Collected material

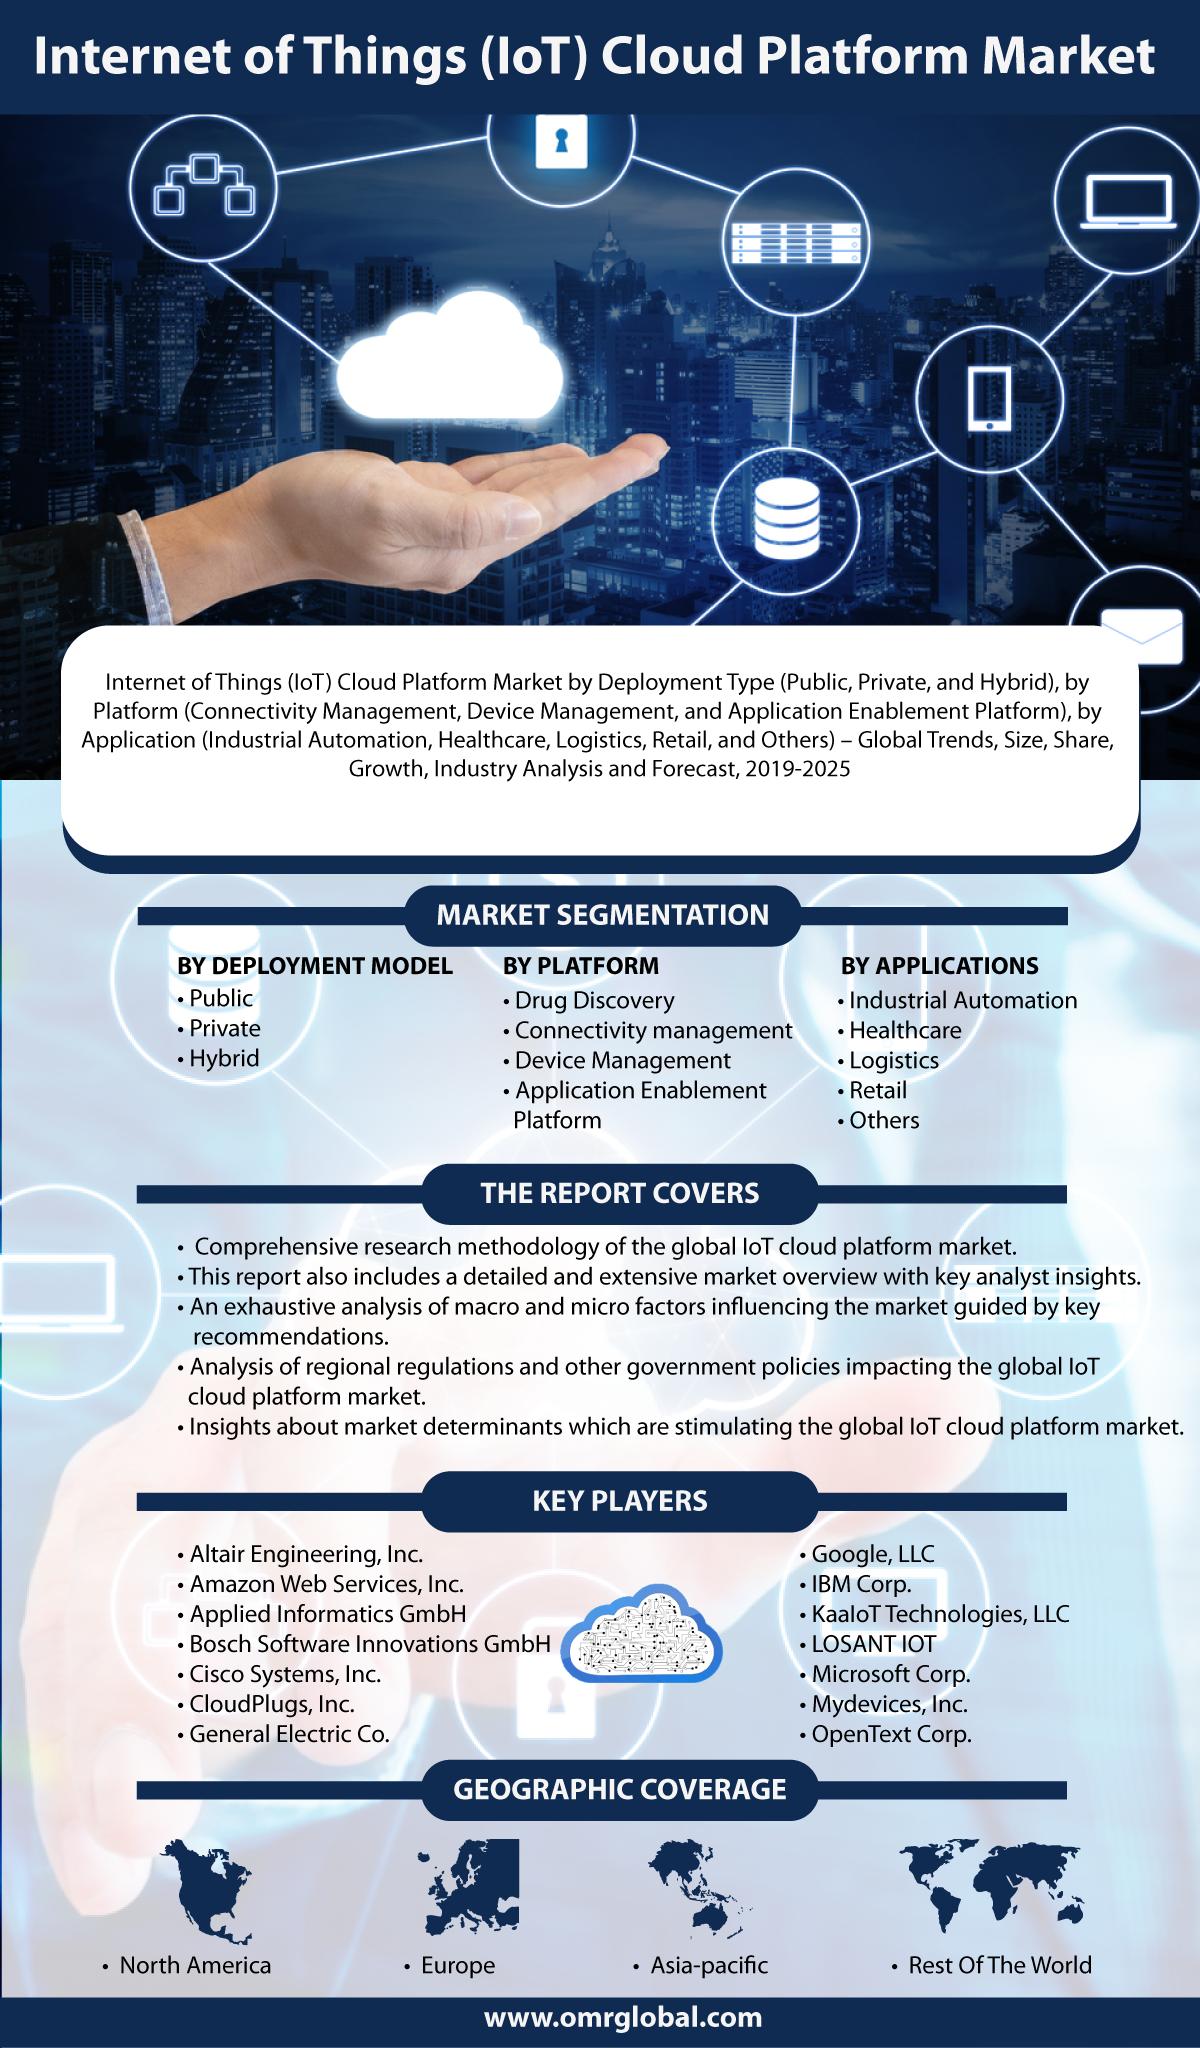 Iot Cloud Platform Market Size Share Growth Forecast To 2025 Iot Cloud Platform Marketing
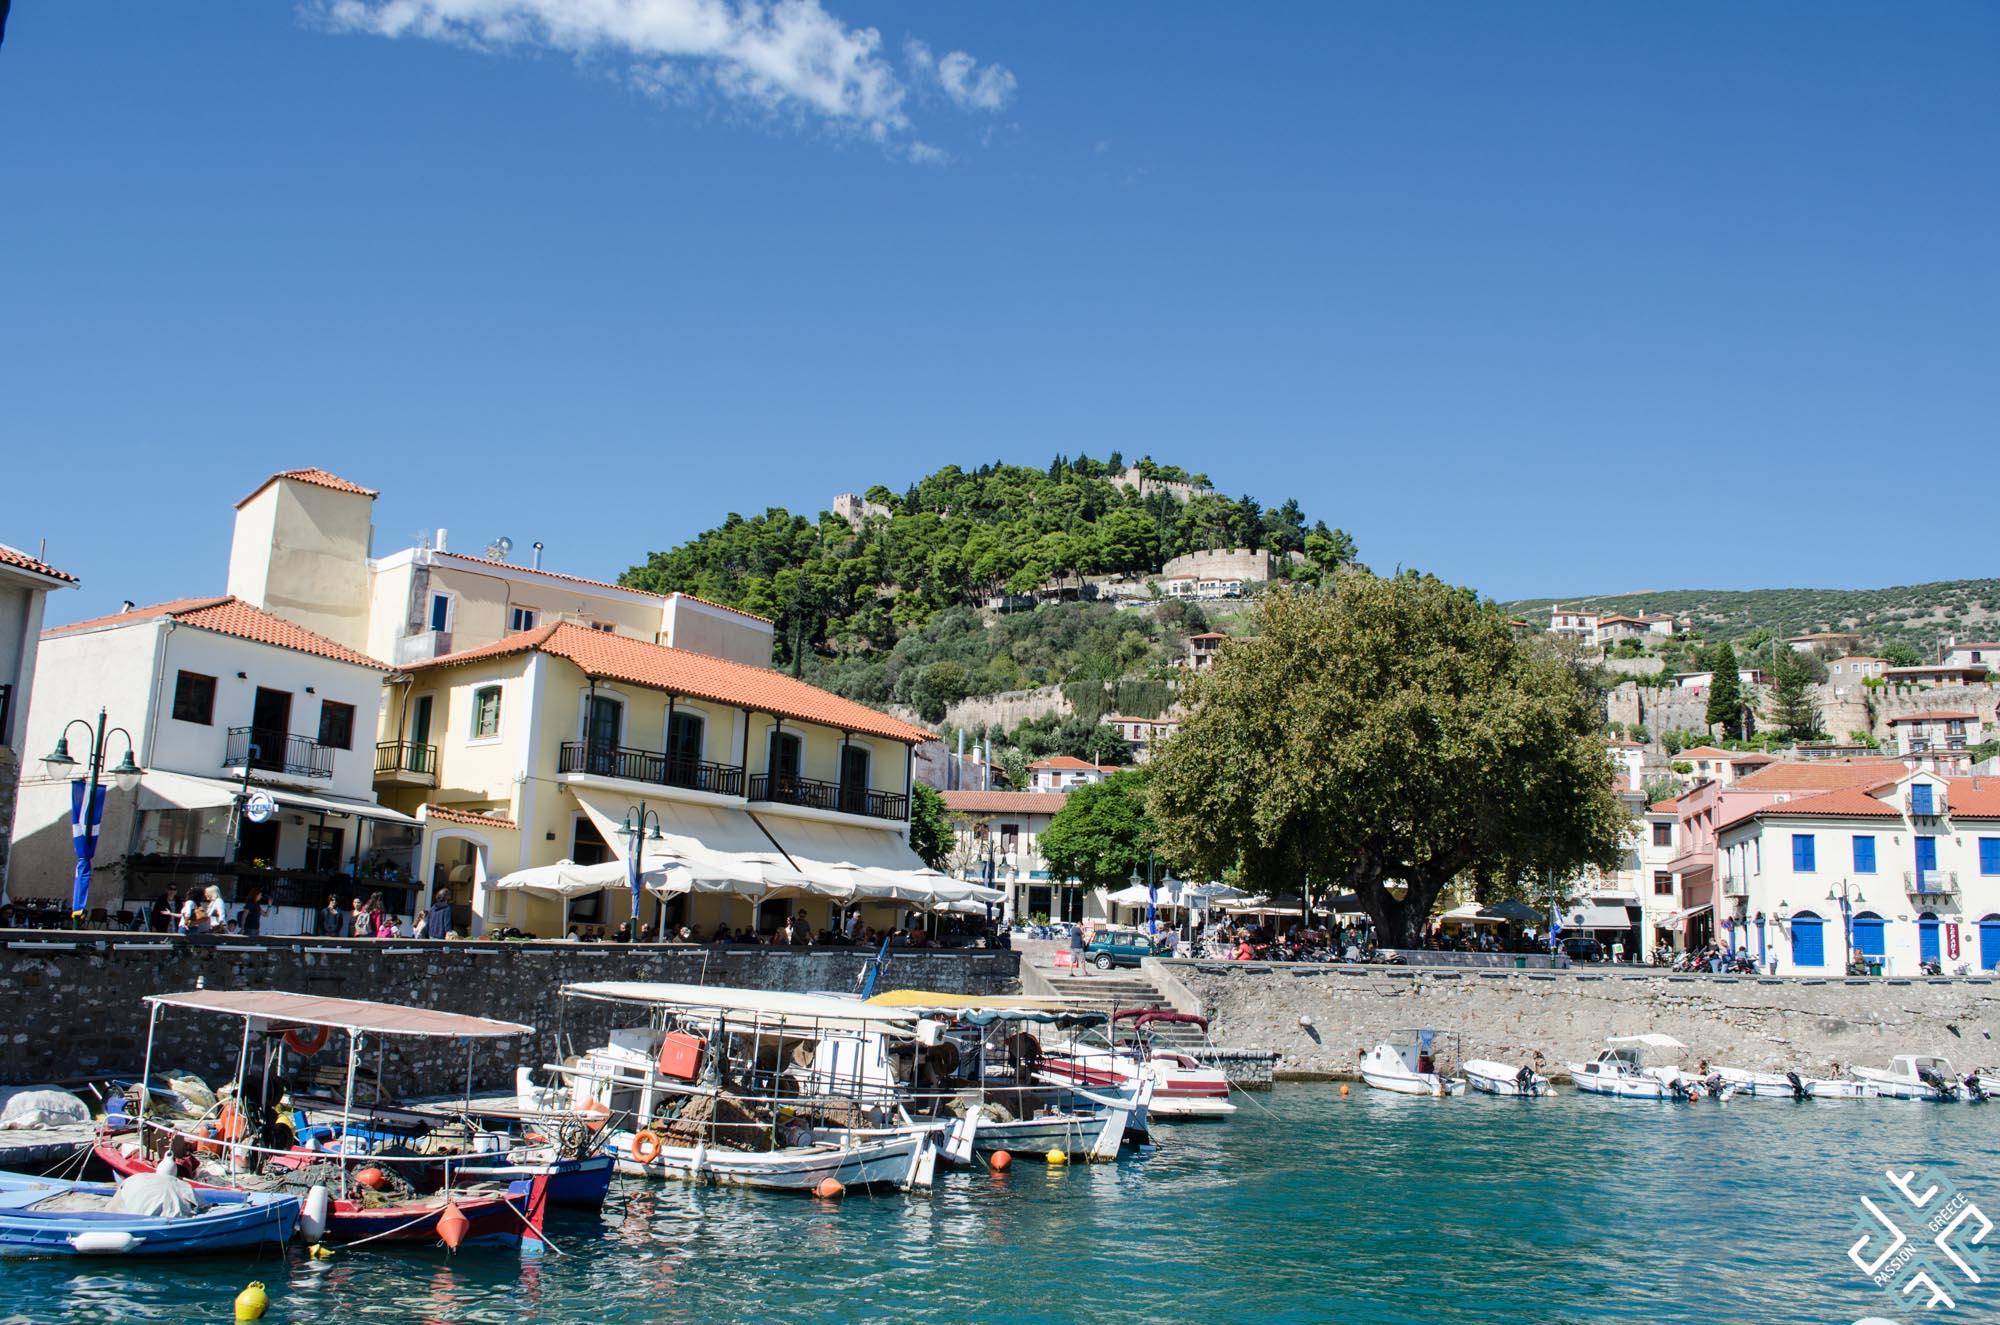 nafpaktos-harbour-and-castle-view-1
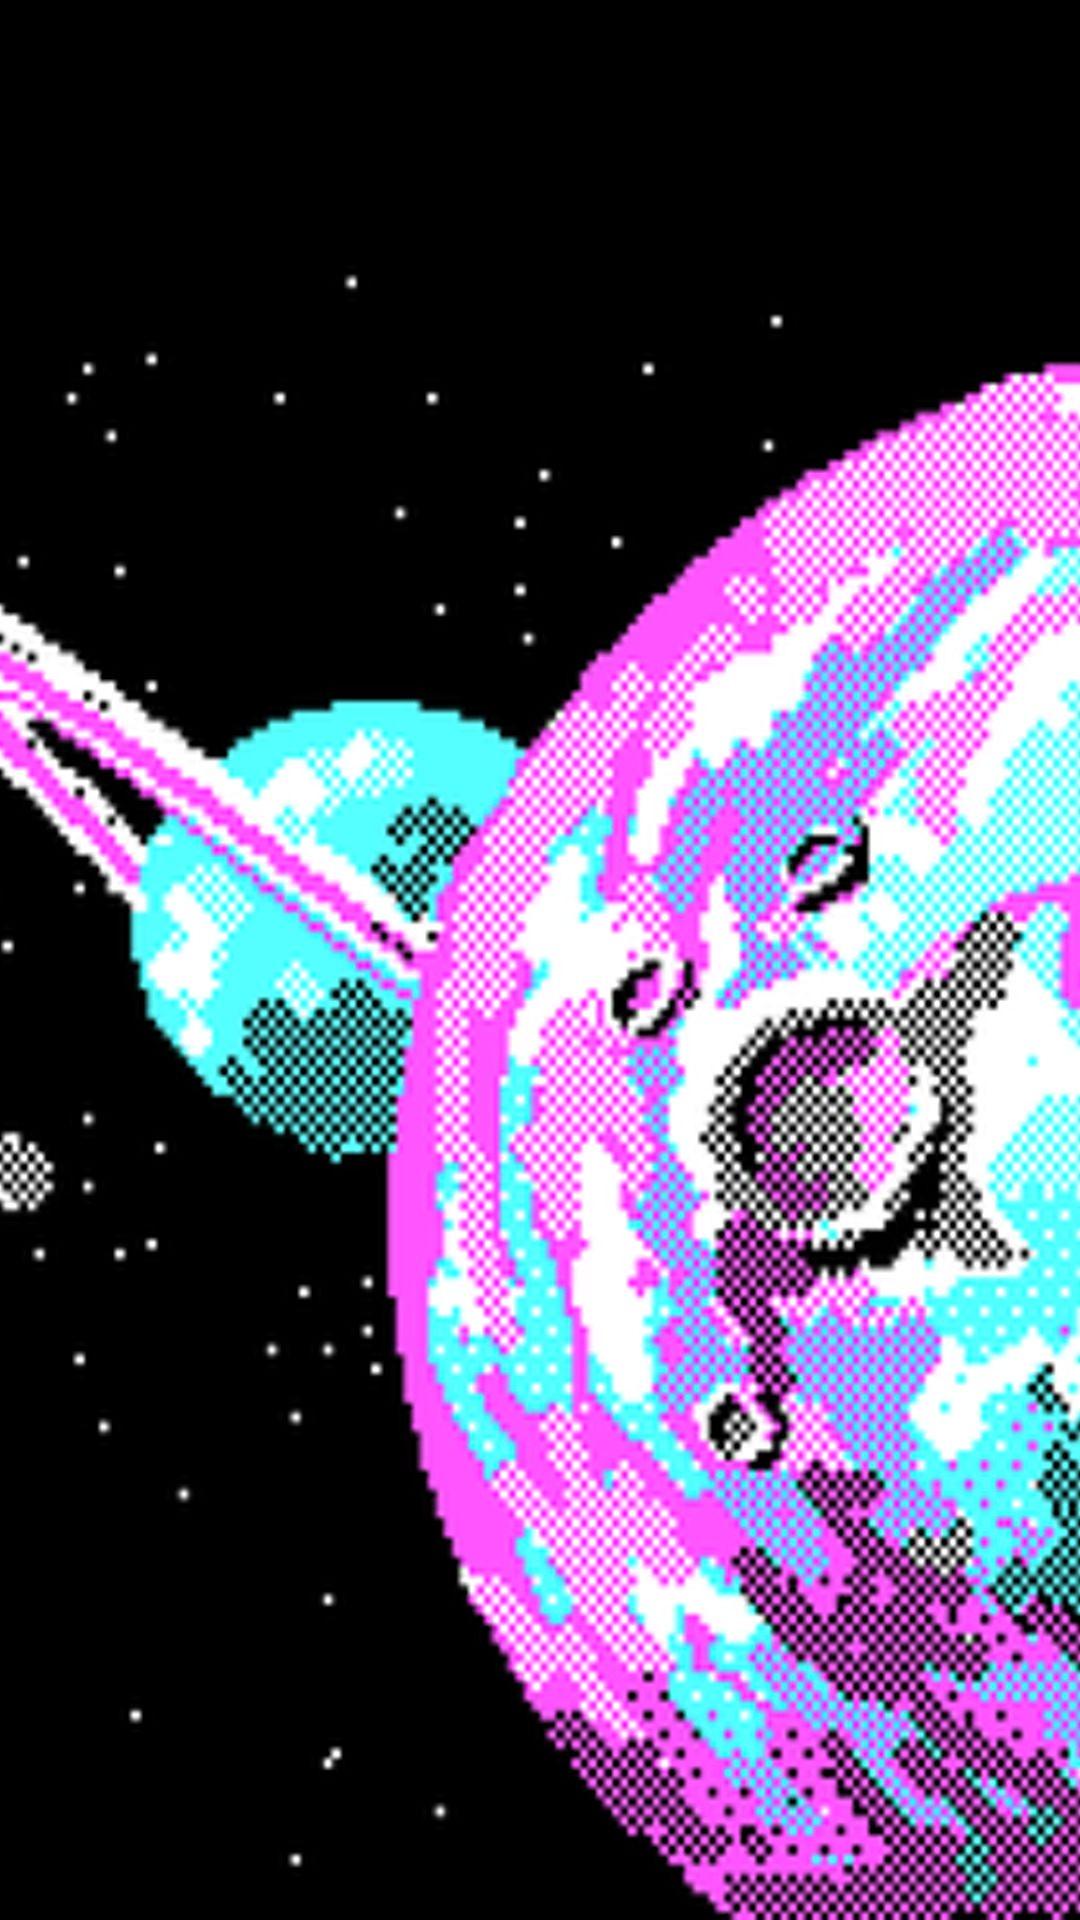 Pixel Art Wallpaper Tumblr Space Art Wallpaper Pixel Art

Work instructions
Give an exact copy of the listing, without its pictures.

Written answer
 Iot Cloud Platform Market Size Share Growth Forecast To 2025 Iot Cloud Platform Marketing
 nafpaktos-harbour-and-castle-view-1
 Pixel Art Wallpaper Tumblr Space Art Wallpaper Pixel Art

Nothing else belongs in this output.